WORK INSTRUCTION: The response should contain all of the data below, reproduced exactly, and no pictures.

GIVEN INFORMATION:
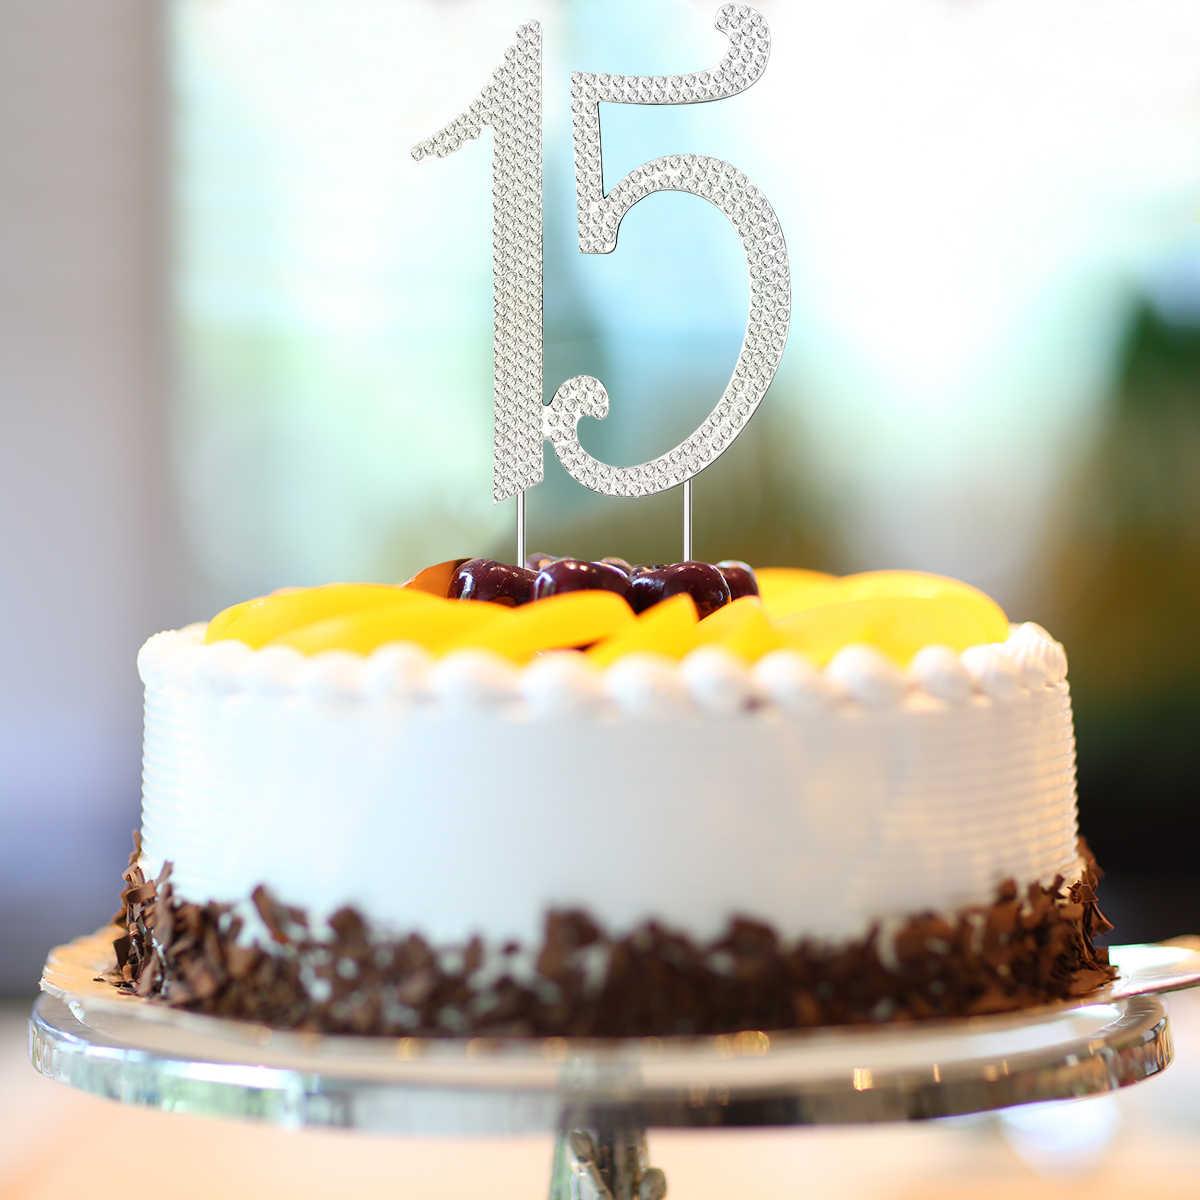 Fantastic 15 Cake Topper For 15Th Birthday Party Or Anniversary Crystal Funny Birthday Cards Online Elaedamsfinfo
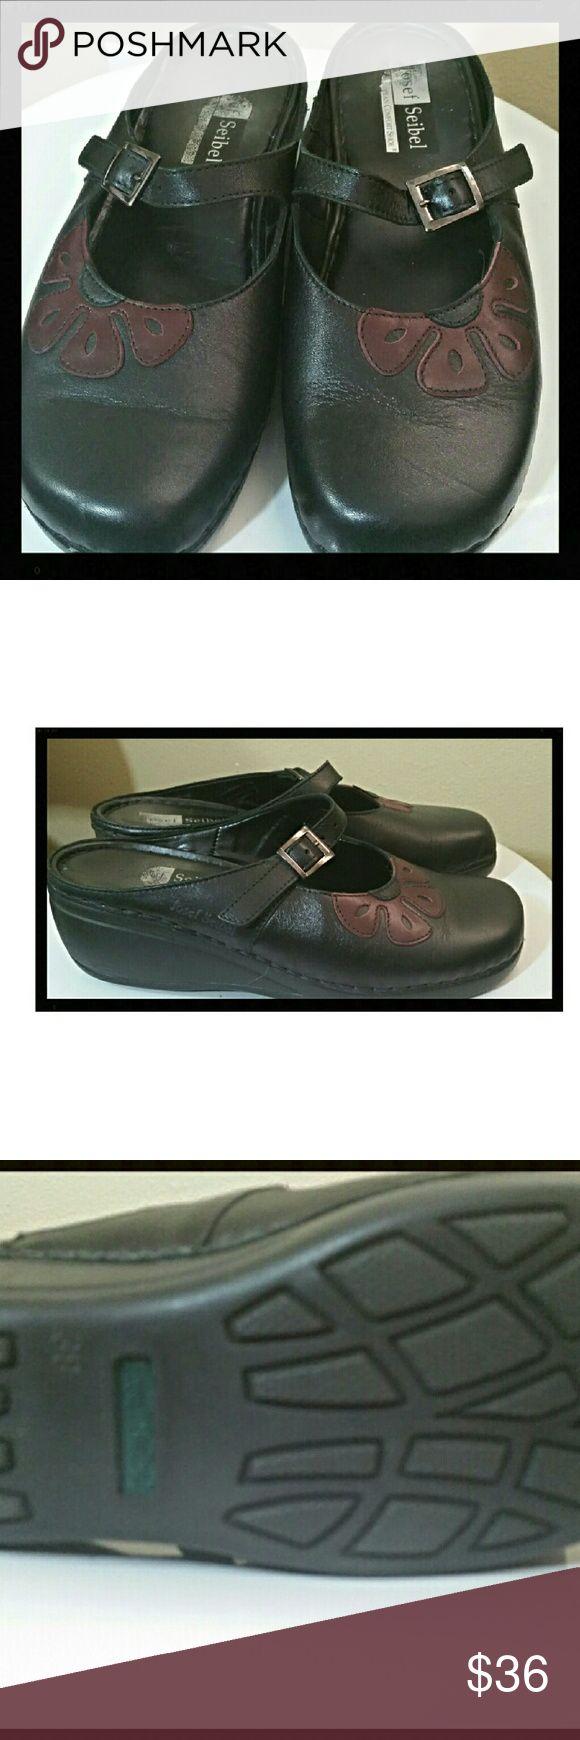 Josef Seibel Mary Jane shoes.....size8 European Comfort shoe. Lots of wear left. Nice shape. Josef Seibel Shoes Mules & Clogs
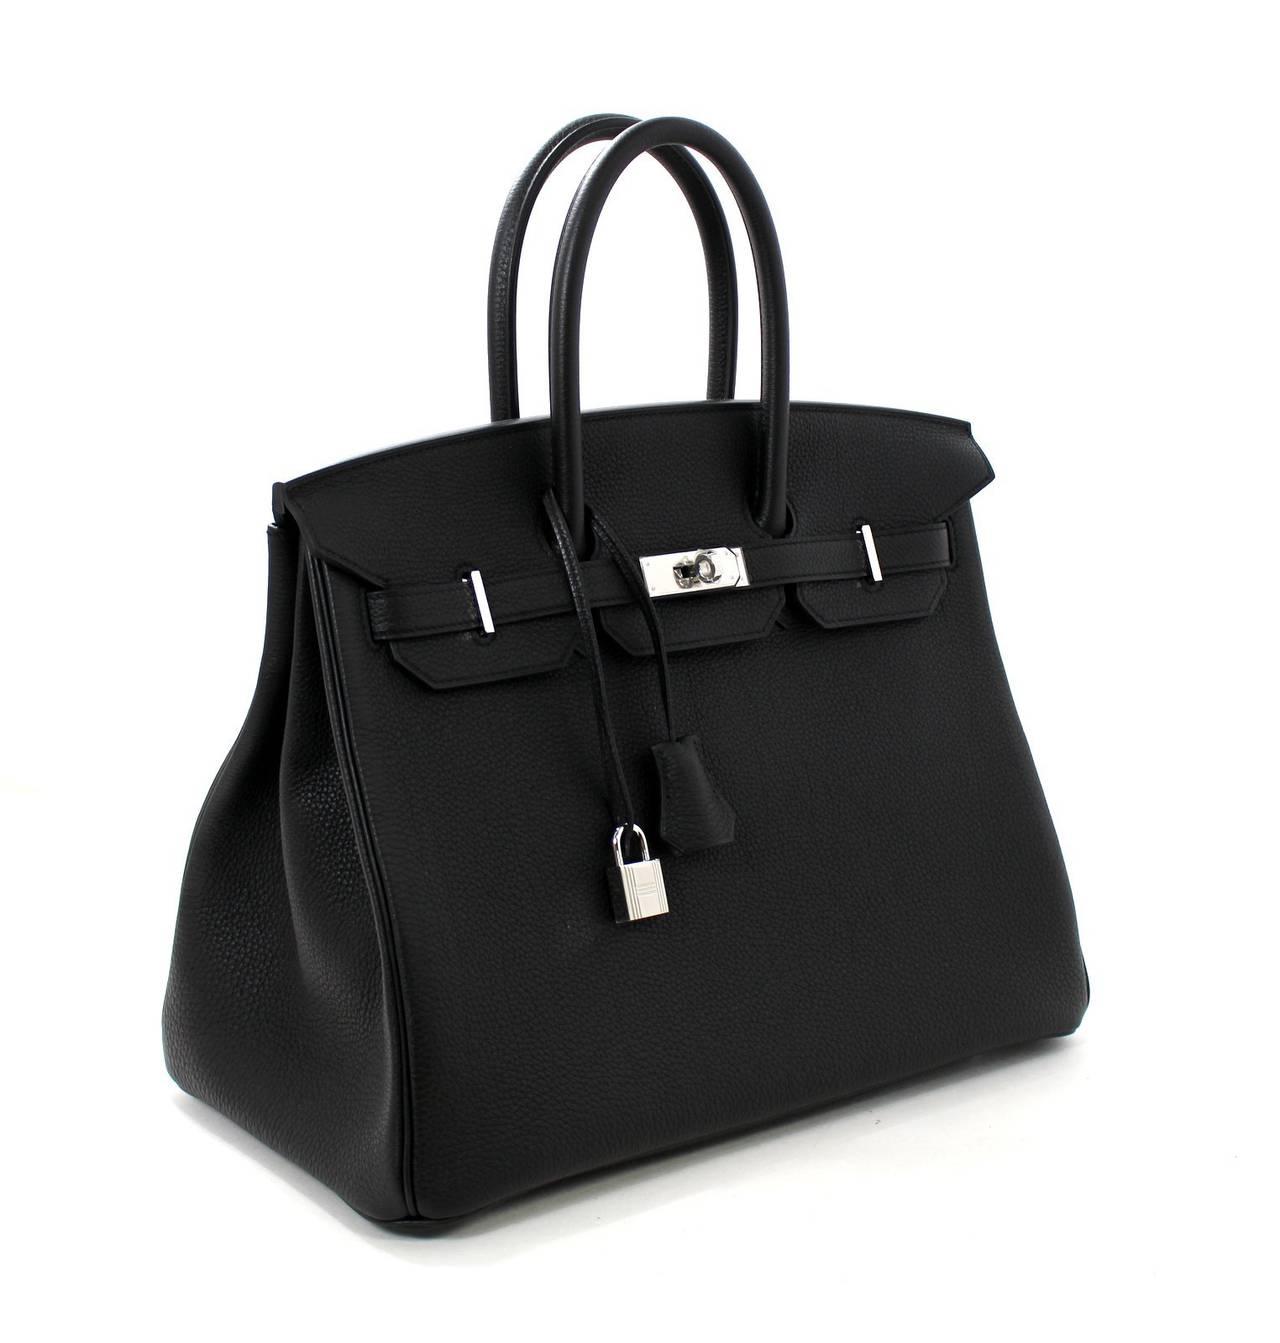 9cb4bc11a9 Hermes Birkin 35 Bag Togo Leather Red

SOLUTION TO THIS TASK:
 Fantastic 15 Cake Topper For 15Th Birthday Party Or Anniversary Crystal Funny Birthday Cards Online Elaedamsfinfo
 Josef Seibel Mary Jane shoes.....size8 European Comfort shoe. Lots of wear left. Nice shape. Josef Seibel Shoes Mules & Clogs
 9cb4bc11a9 Hermes Birkin 35 Bag Togo Leather Red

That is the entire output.